Residents in the Springfield area are fighting to keep an apartment for homeless people out of their neighborhood.
Neighbors met Thursday night to address their concerns with Ability Housing, the organization that plans to renovate the apartment building.
Neighbors told Channel 4 Thursday night they think Ability Housing is intentionally trying to hide the renovation. The group posed questions to leaders of the organization during a two hour long meeting.
"The time that they put this under contract we were never notified, yet our tax dollars are funding their grant. Yet they had no inspiration to contact the community for the entire period that they had the building under contract," said Springfield neighbor Michael Trautmann.
Ability Housing admitted they should have told neighbors of their plans for the building sooner and apologized. The organization said they didn't think they would receive $7 million in state funds to help build the 12-unit facility as quickly as they had.
"I don't believe that anything Ability Housing has done is intentional. They did not receive notification that they actually received the grant," said Ability Housing spokesperson Amy Rankin. "If they didn't get the grant there would be no Cottage Avenue Apartments."
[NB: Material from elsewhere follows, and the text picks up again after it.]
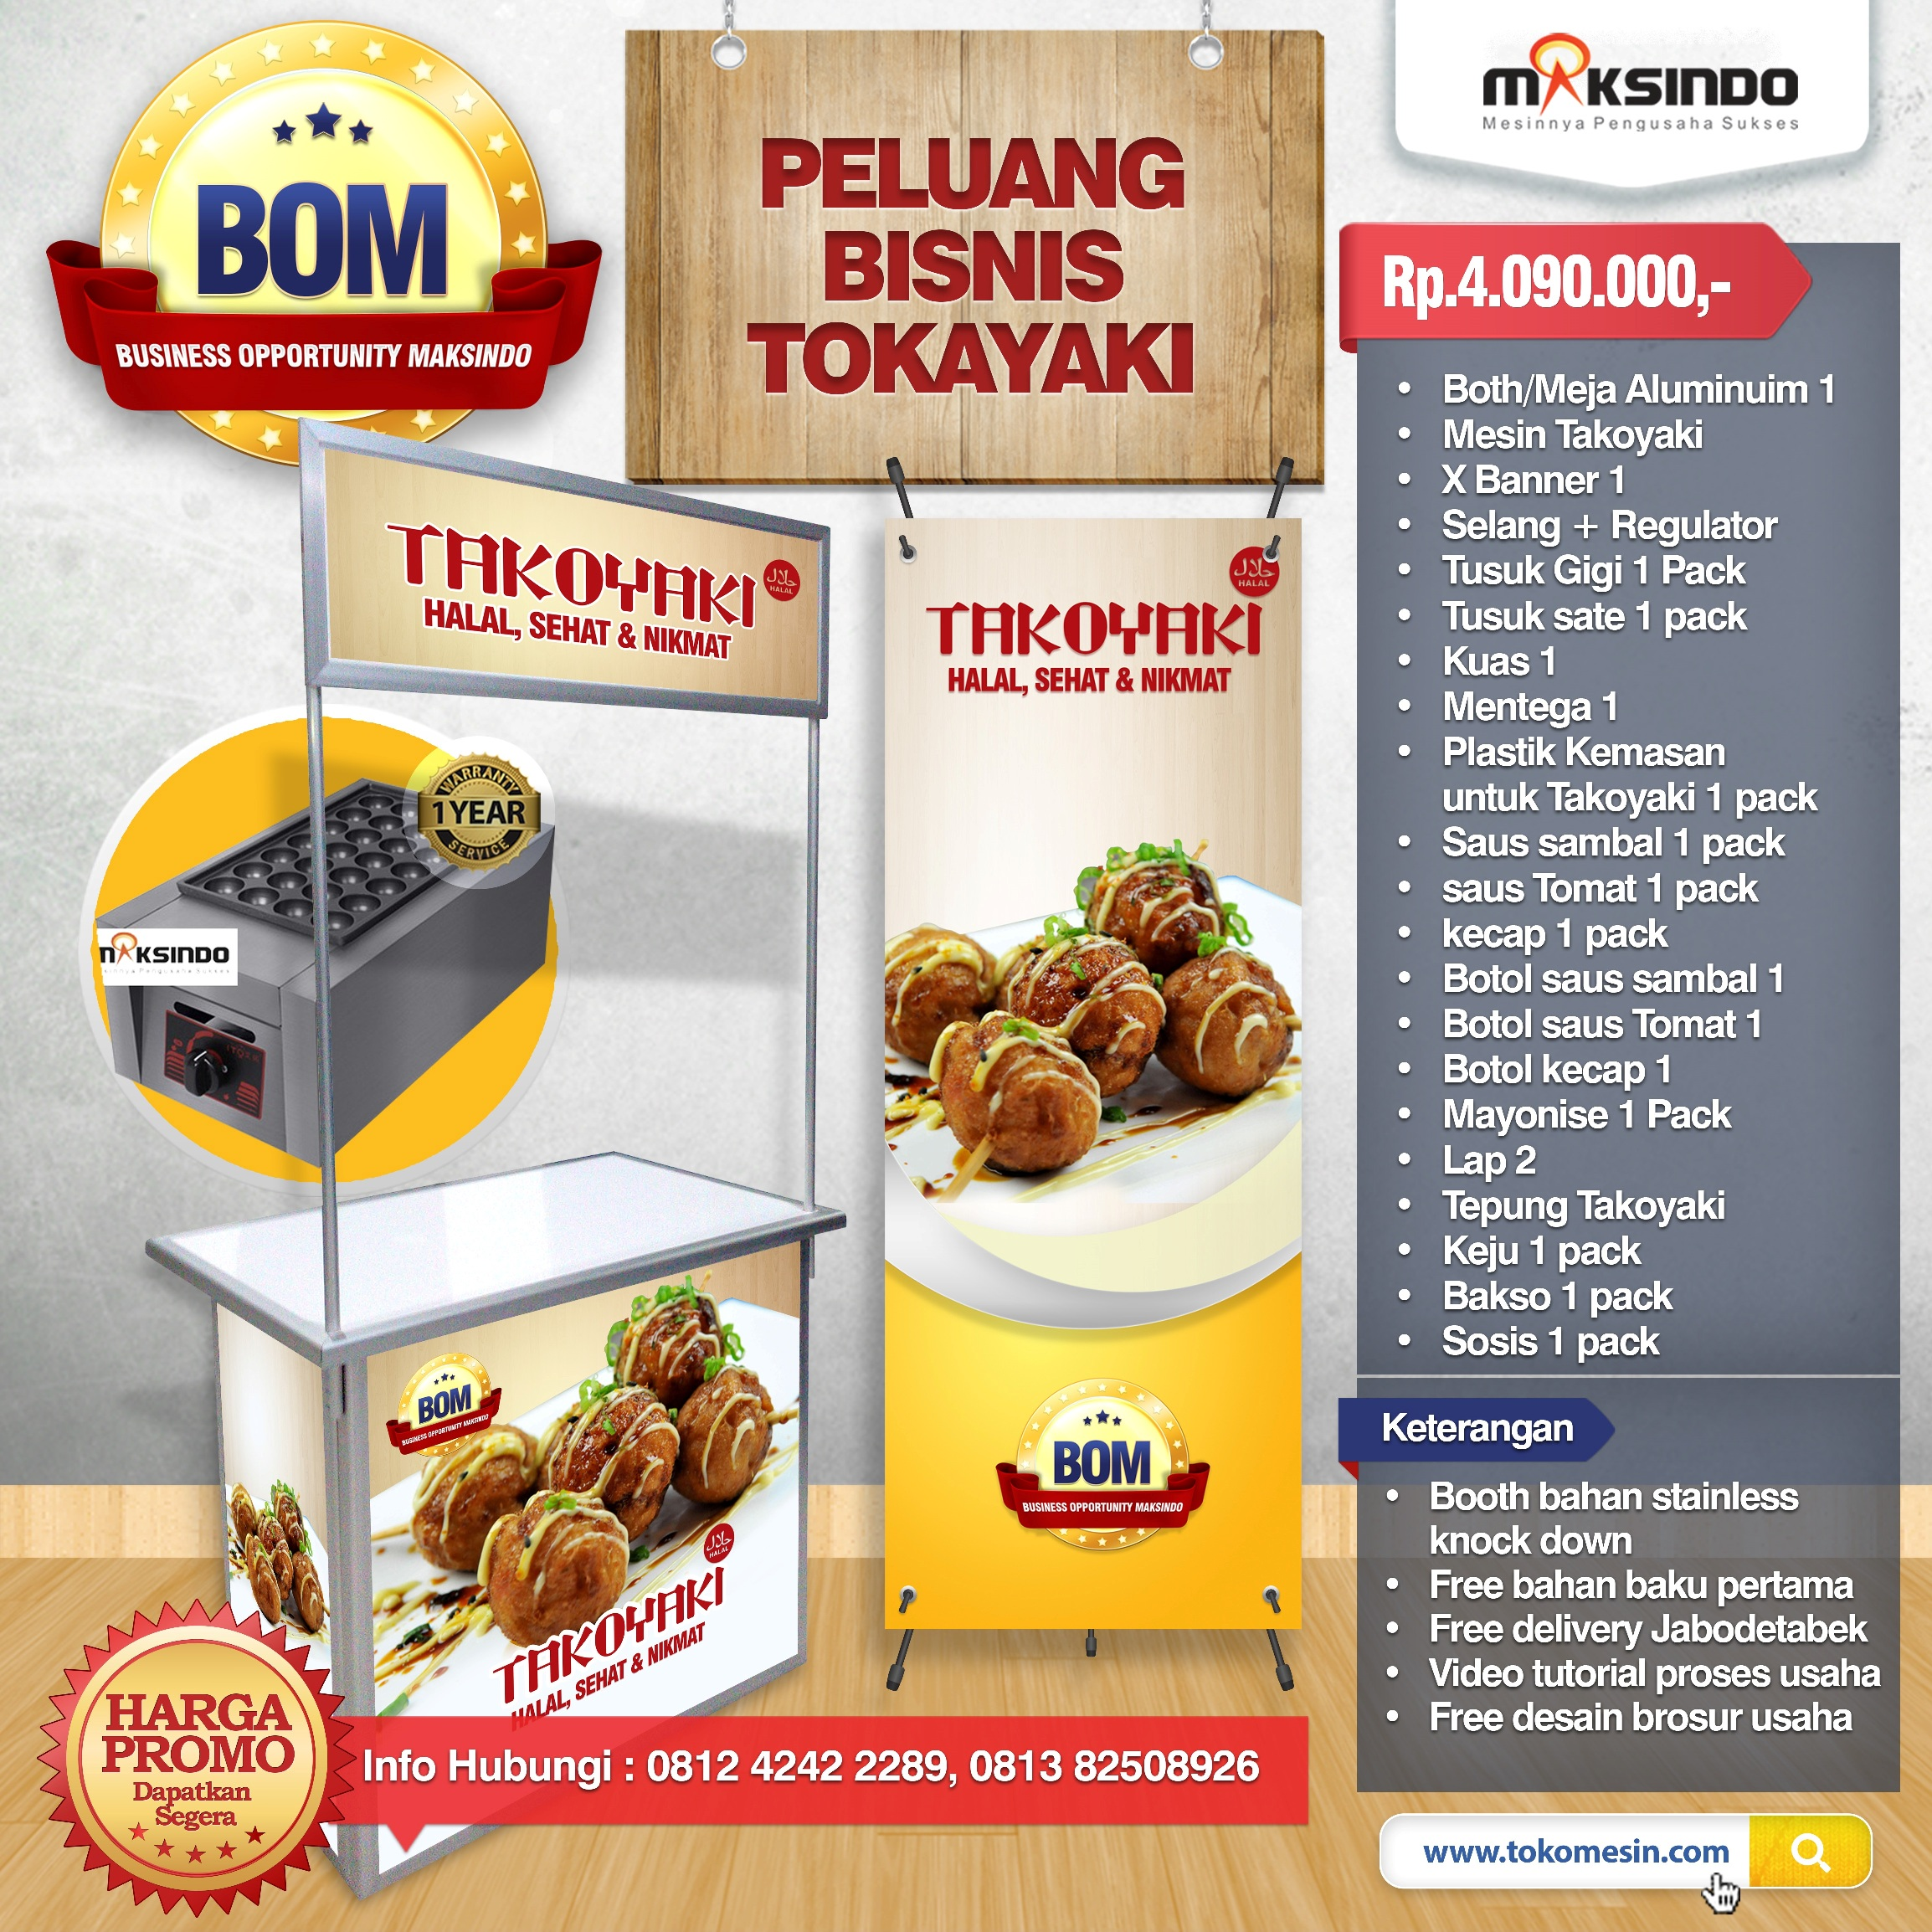 Paket Usaha Takoyaki Progam BOM

Monique Varnardo, a former homeless veteran, said Ability Housing helped her get back her life.
"There are some of us through divorce or an abusive relationship, evictions, loss of income, is homeless. It's not just the people that you see that are drinking and drugging," said Varnardo.
Ability Housing wasn't able to tell Channel 4 when they were notified about the grant. They also said they have not closed on the property yet.